Set down all of the data that follows word for word, without the images.

Input data:

====

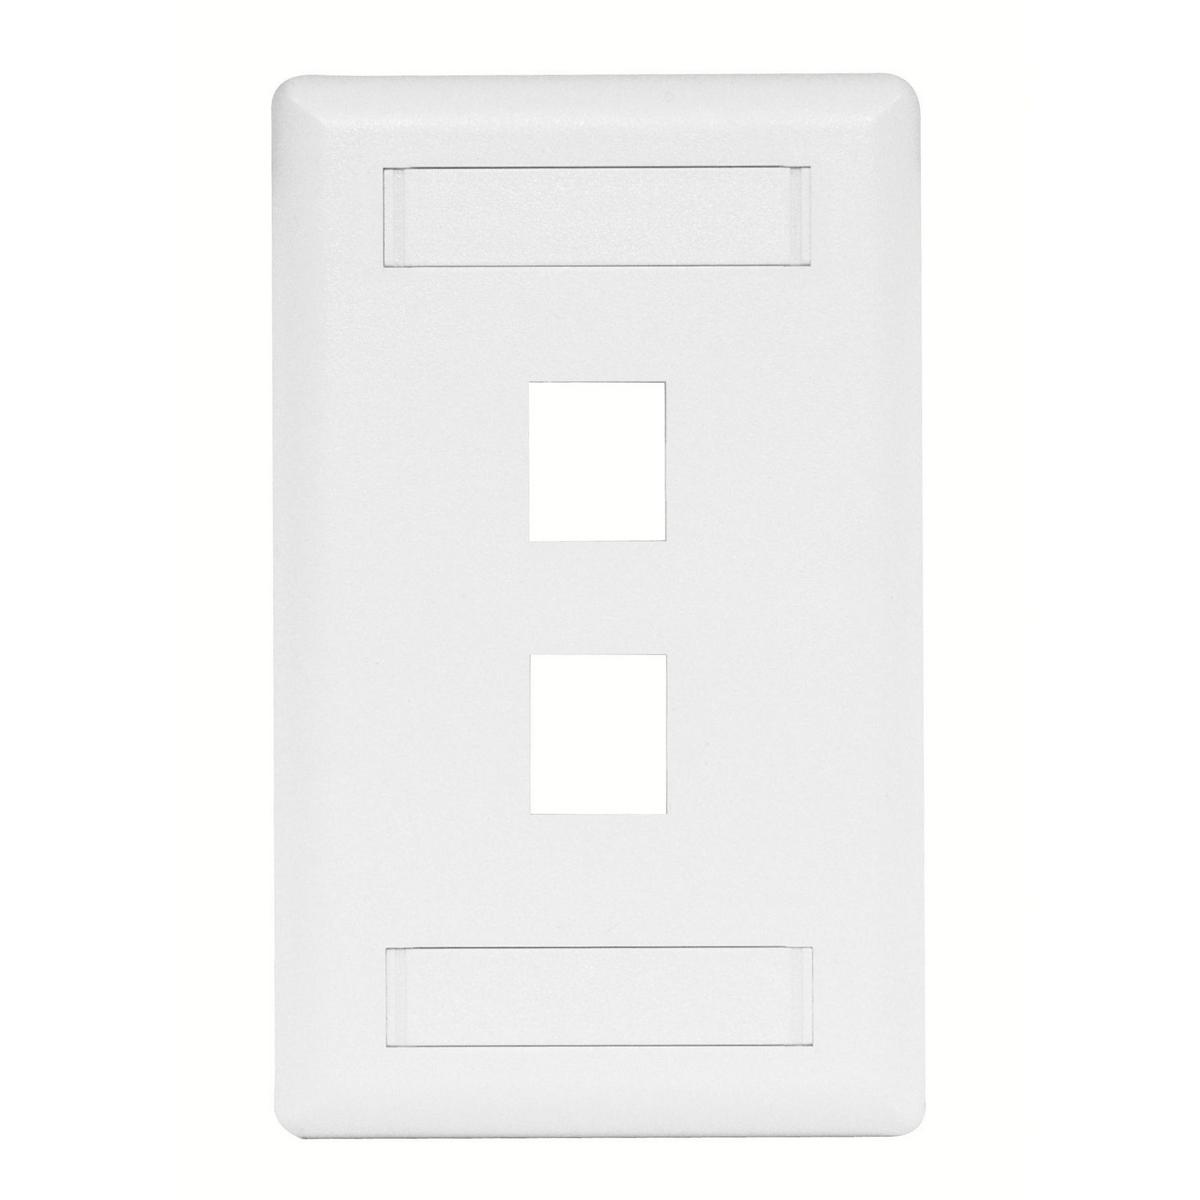 Wiring Device-Kellems IFP12W
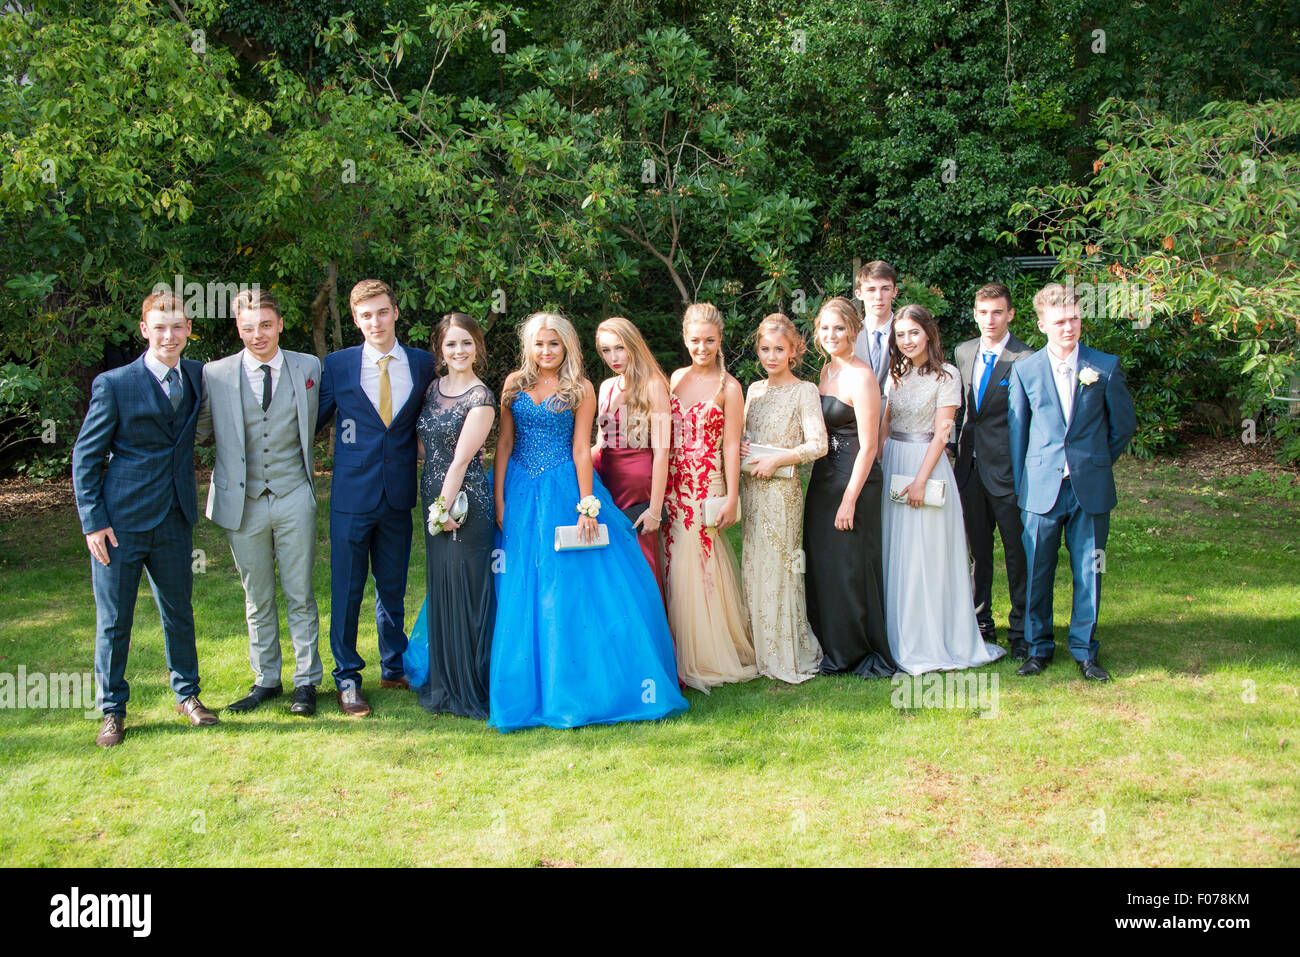 Prom Dresses On Boys
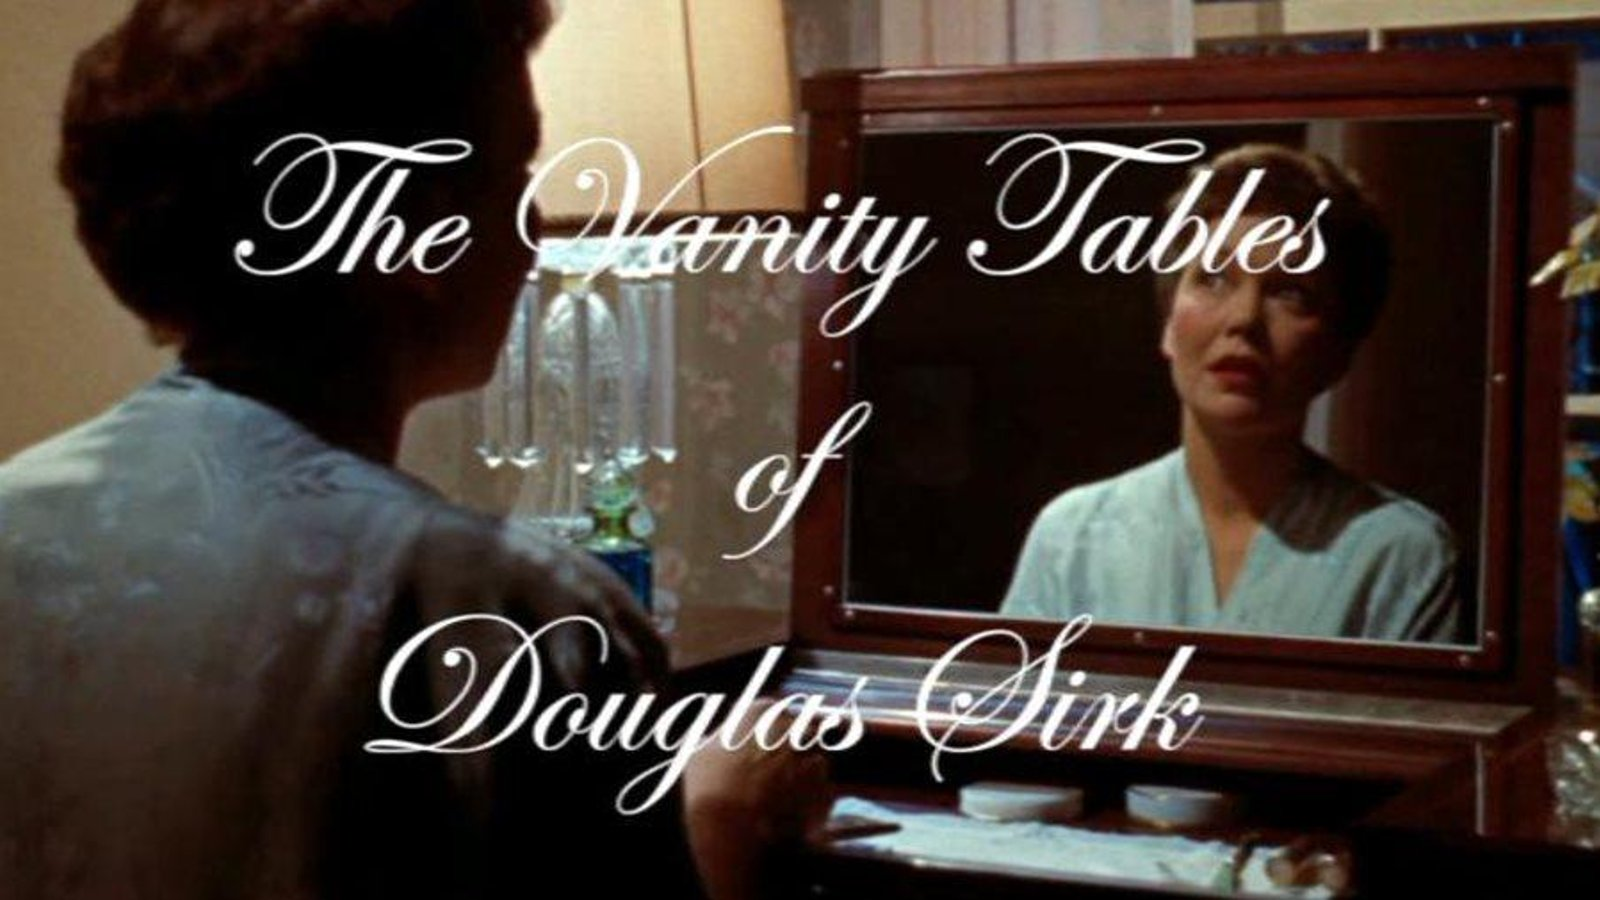 The Vanity Tables of Douglas Sirk - A Video Essay Exploring Gender in the Films of Douglas Sirk

====

Completed task:
 Wiring Device-Kellems IFP12W
 Prom Dresses On Boys
 The Vanity Tables of Douglas Sirk - A Video Essay Exploring Gender in the Films of Douglas Sirk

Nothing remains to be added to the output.